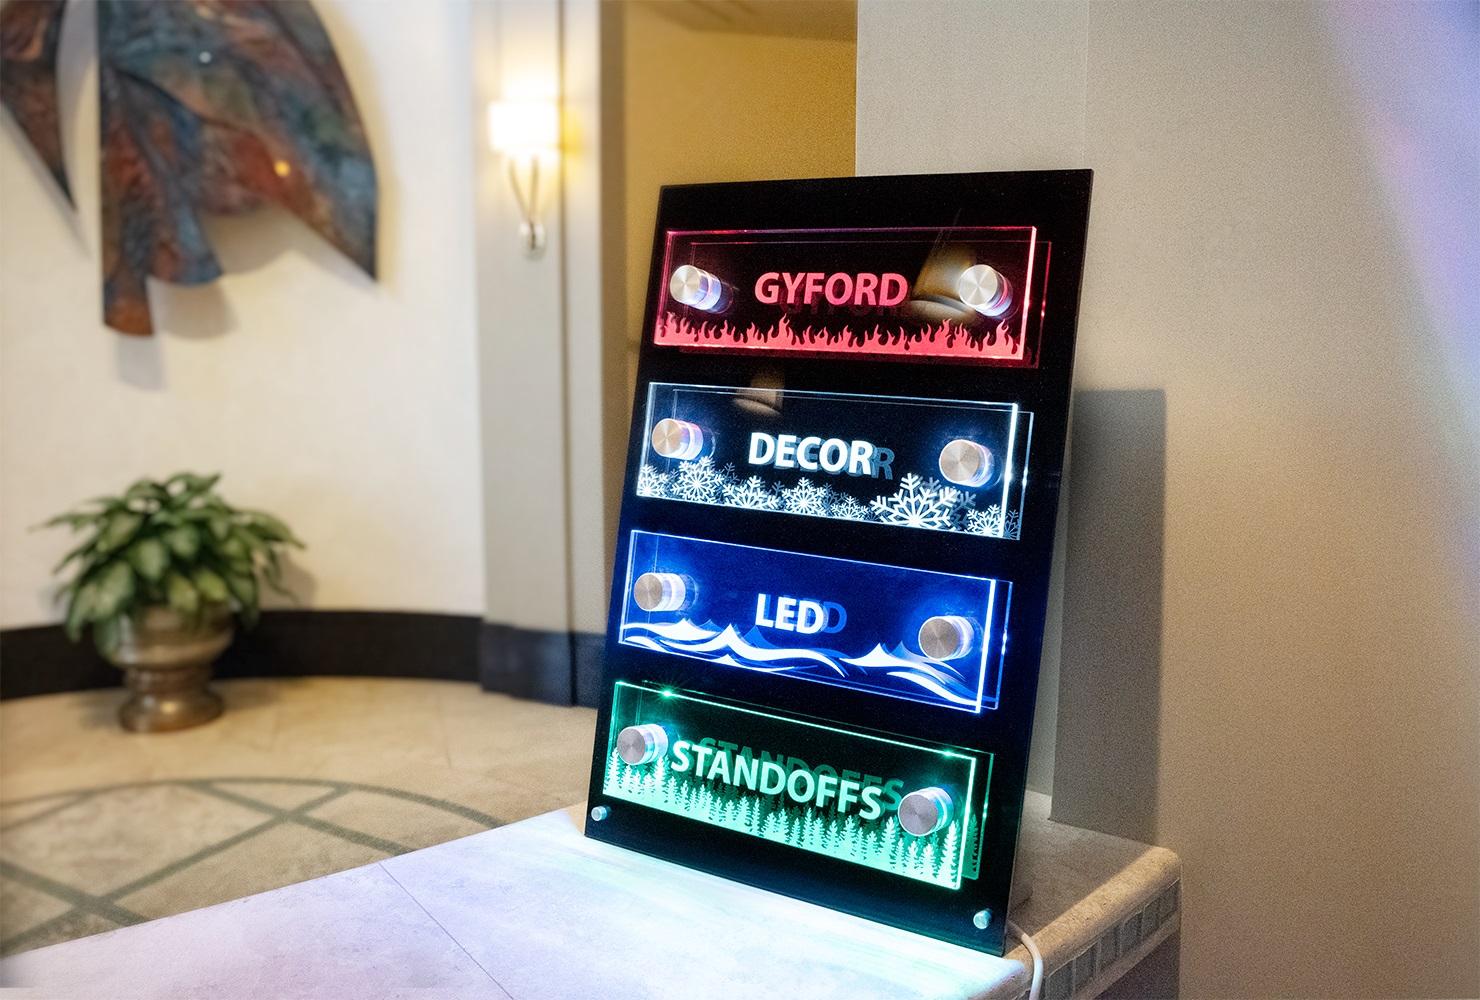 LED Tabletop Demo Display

==

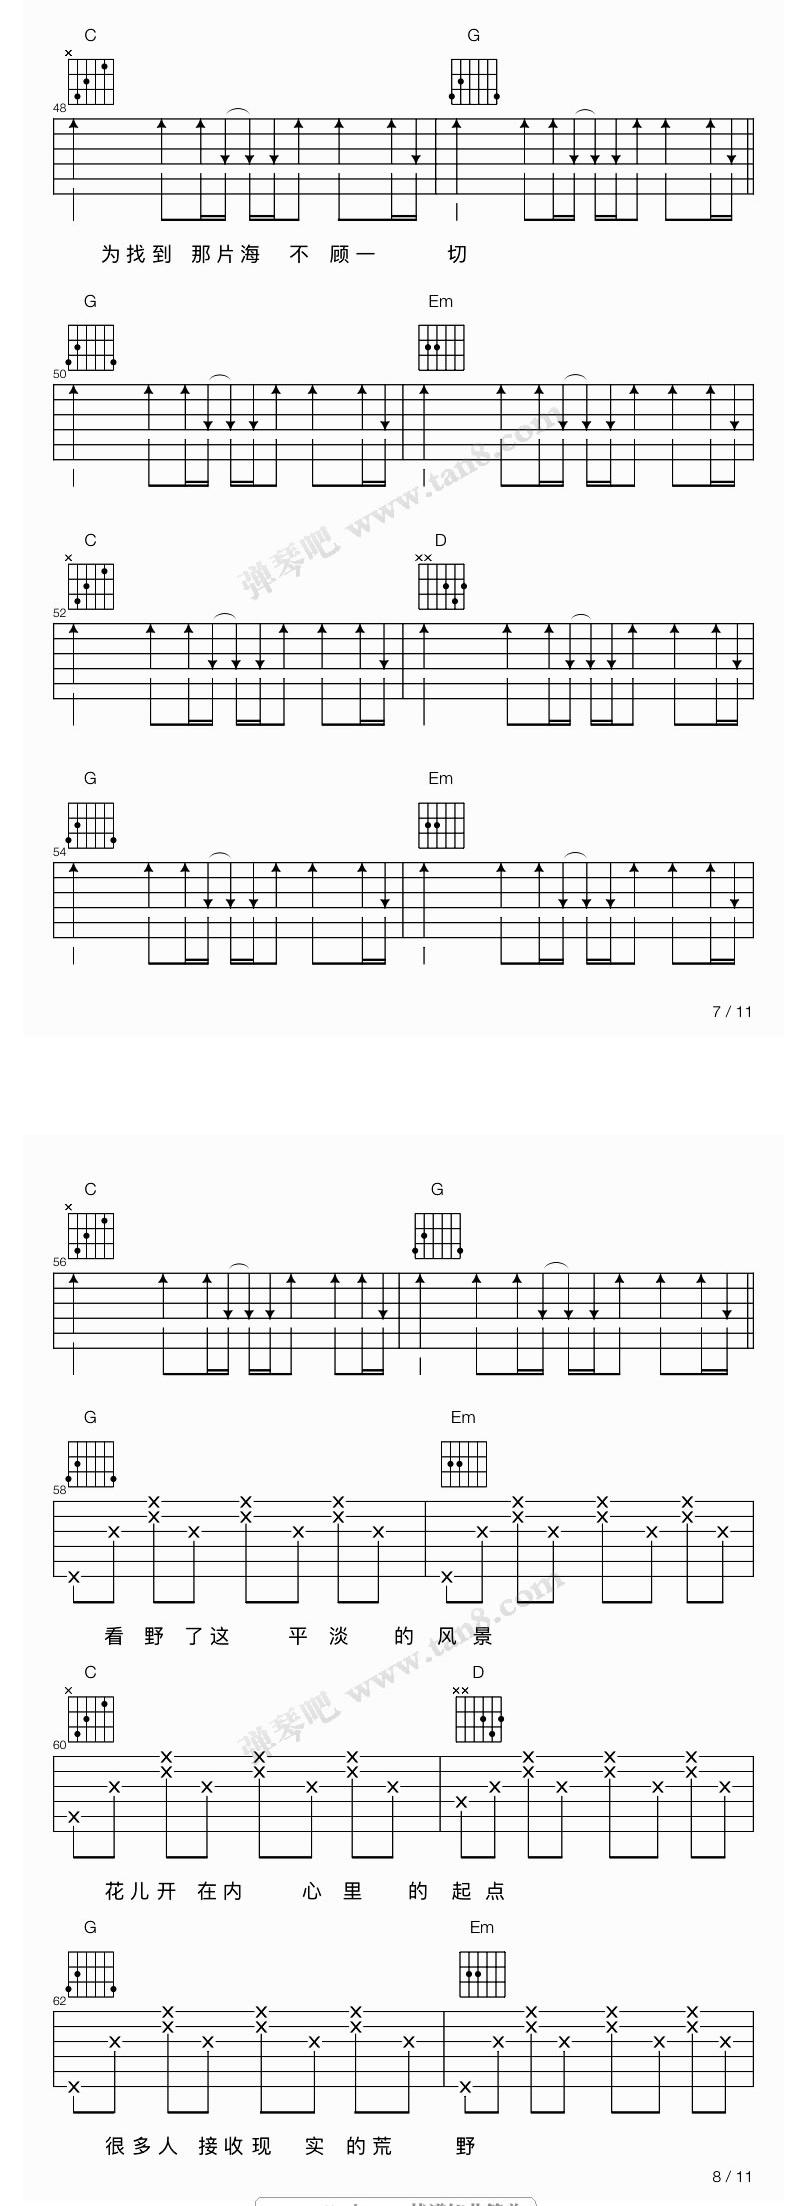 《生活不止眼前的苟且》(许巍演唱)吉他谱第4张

--

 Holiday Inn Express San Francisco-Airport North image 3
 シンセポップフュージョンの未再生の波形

**WORK REQUIRED**. Here the job is to set down exactly the lines of the material above that fall between the one with "Holiday Inn Express" and the one with "シンセポップフュージョンの未再生の波形", inclusive, and nothing beyond them.

**REPLY TO THE TASK**.
 Holiday Inn Express San Francisco-Airport North image 3
 シンセポップフュージョンの未再生の波形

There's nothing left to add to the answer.